The main point is that after a sudden quench the quantum geometric tensor of a 1D Bloch state evolves so its momentum-diagonal part tracks position variance whose quadratic coefficient is the group-velocity variance, the time-diagonal part tracks energy variance, and the off-diagonal part splits into a covariance and a quench-induced curvature. The authors derive these relations from the time-evolved wave packet and confirm them numerically on the SSH chain for several different quenches, recovering the expected Berry connection and band velocities from the initial and final Hamiltonians. That link is the useful piece: it gives a geometric handle on ballistic spreading and energy fluctuations without having to track the full density matrix. The numerics look clean enough to support the mapping inside the model they chose. The soft spot is the jump to arbitrary 1D periodic systems. The abstract and stress-test note present the relations as general, yet the only evidence is SSH numerics; no model-independent expansion from the unitary operator U(t) = exp(-i H_f t) is supplied that would exclude extra overlap terms or band-specific corrections for other lattices. If the full manuscript contains an analytic proof that closes this gap, the claim strengthens considerably. Otherwise it remains a solid case study. This is the kind of work that condensed-matter and quantum-simulation groups already following QGT papers will want to see. It is coherent on its own terms and the numerics are reproducible in principle, so it deserves a serious referee rather than a desk rejection. The review can focus on whether the generality holds or needs to be qualified to the models checked.

Referee Report

1 major / 1 minor

Summary. The paper claims that in 1D periodic systems after a sudden quench, the quantum geometric tensor (QGT) evolves such that its k-diagonal component corresponds to the variance of the time-evolved position, with the quadratic time coefficient being the group-velocity variance indicating ballistic dispersion; the time-diagonal component gives the energy variance; and the off-diagonal has real part as covariance and imaginary part as quench-induced curvature. Numerical results in the SSH model confirm that the post-quench QGT is governed by quantities like Berry connection, group velocities, and energy variance from initial and post-quench states, suggesting QGT as a probe for nonequilibrium phenomena.

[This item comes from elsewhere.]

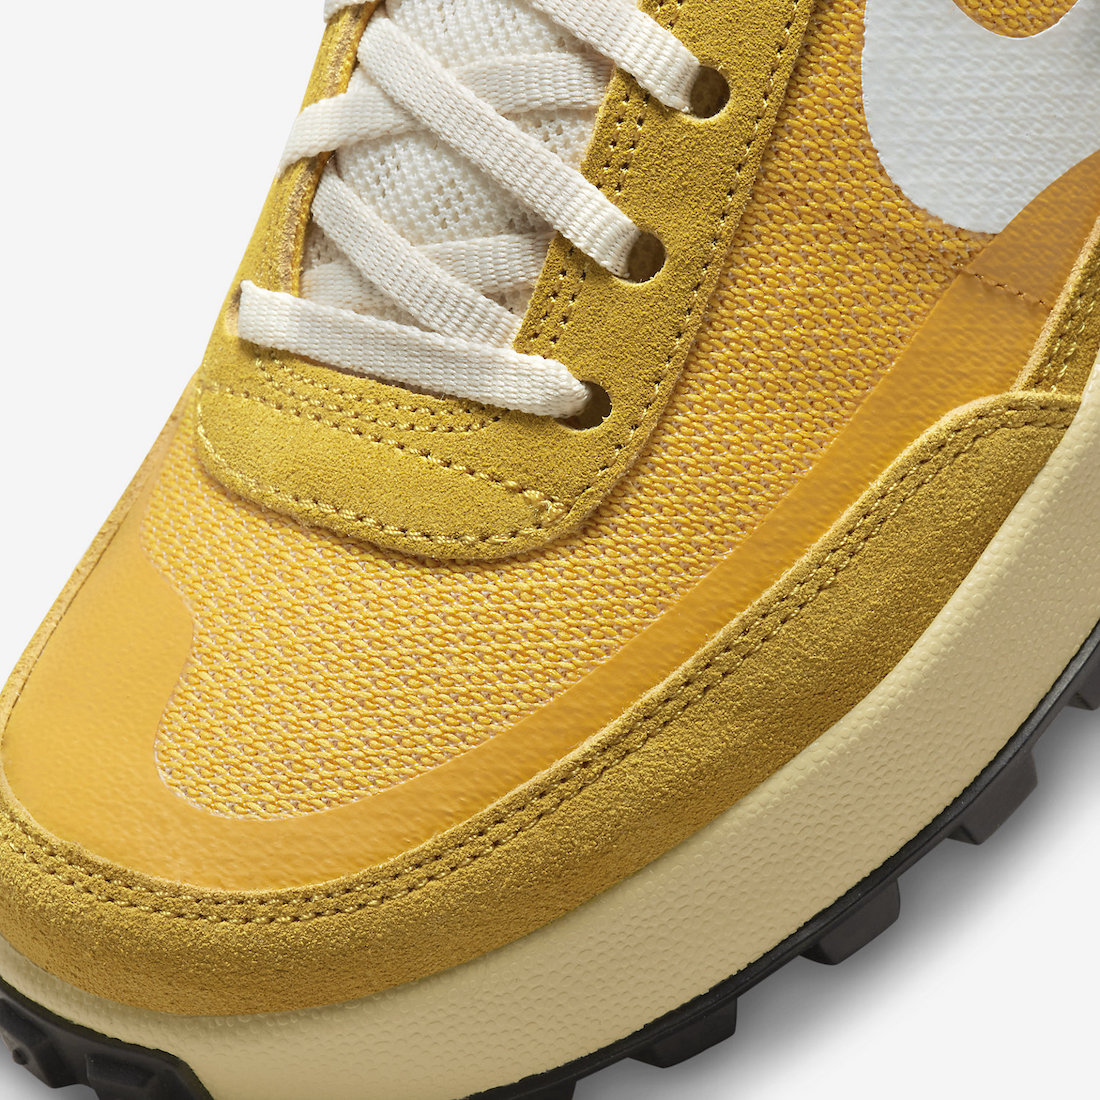 Tom Sachs NikeCraft General Purpose Shoe Yellow DA6672-700 Release Date
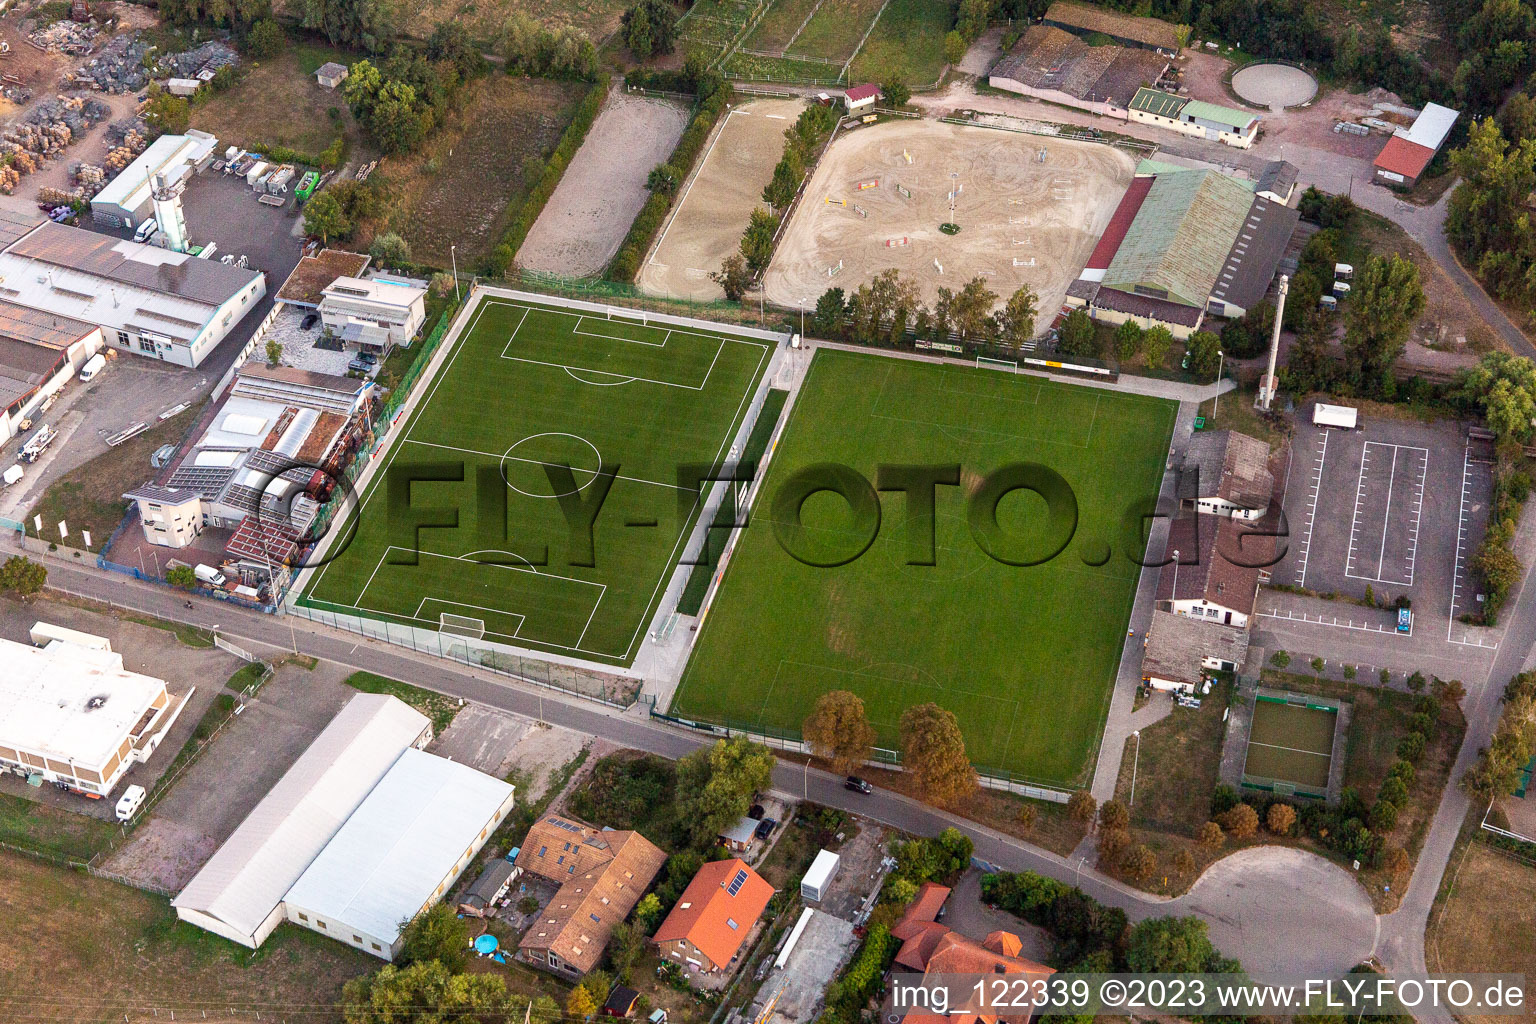 TSV Fortuna in the district Billigheim in Billigheim-Ingenheim in the state Rhineland-Palatinate, Germany

Significance. If the claimed mappings hold for general 1D systems, this work would provide a geometric framework for understanding post-quench dynamics, connecting the QGT directly to physical observables and local geometric properties. This could be significant for nonequilibrium quantum many-body physics, offering new ways to probe ballistic spreading and energy fluctuations. The numerical confirmation in the SSH model supports the idea, but the lack of a general derivation reduces the immediate impact.

major comments (1)

[Abstract] The central claim that the post-quench QGT components map exactly to the Berry connection, group-velocity variance, energy variance, and quench-induced curvature for arbitrary 1D periodic systems rests only on numerical confirmation in the SSH model for specific quenches. No model-independent analytic derivation is provided from the time-evolution operator U(t) = exp(-i H_f t) acting on initial Bloch states, which is necessary to rule out potential corrections from non-adiabatic overlaps or protocol-specific details.

minor comments (1)

The abstract states that numerical results confirm the relations but provides no details on the specific quenches, error bars, or how the data selection was performed, which would help assess the robustness of the findings.

Simulated Author's Rebuttal

1 responses · 0 unresolved

We thank the referee for their thoughtful review and for highlighting the need for a clearer demonstration of generality. We address the major comment below and will revise the manuscript accordingly to strengthen the analytic foundation of our claims.

read point-by-point responses

Referee: [Abstract] The central claim that the post-quench QGT components map exactly to the Berry connection, group-velocity variance, energy variance, and quench-induced curvature for arbitrary 1D periodic systems rests only on numerical confirmation in the SSH model for specific quenches. No model-independent analytic derivation is provided from the time-evolution operator U(t) = exp(-i H_f t) acting on initial Bloch states, which is necessary to rule out potential corrections from non-adiabatic overlaps or protocol-specific details.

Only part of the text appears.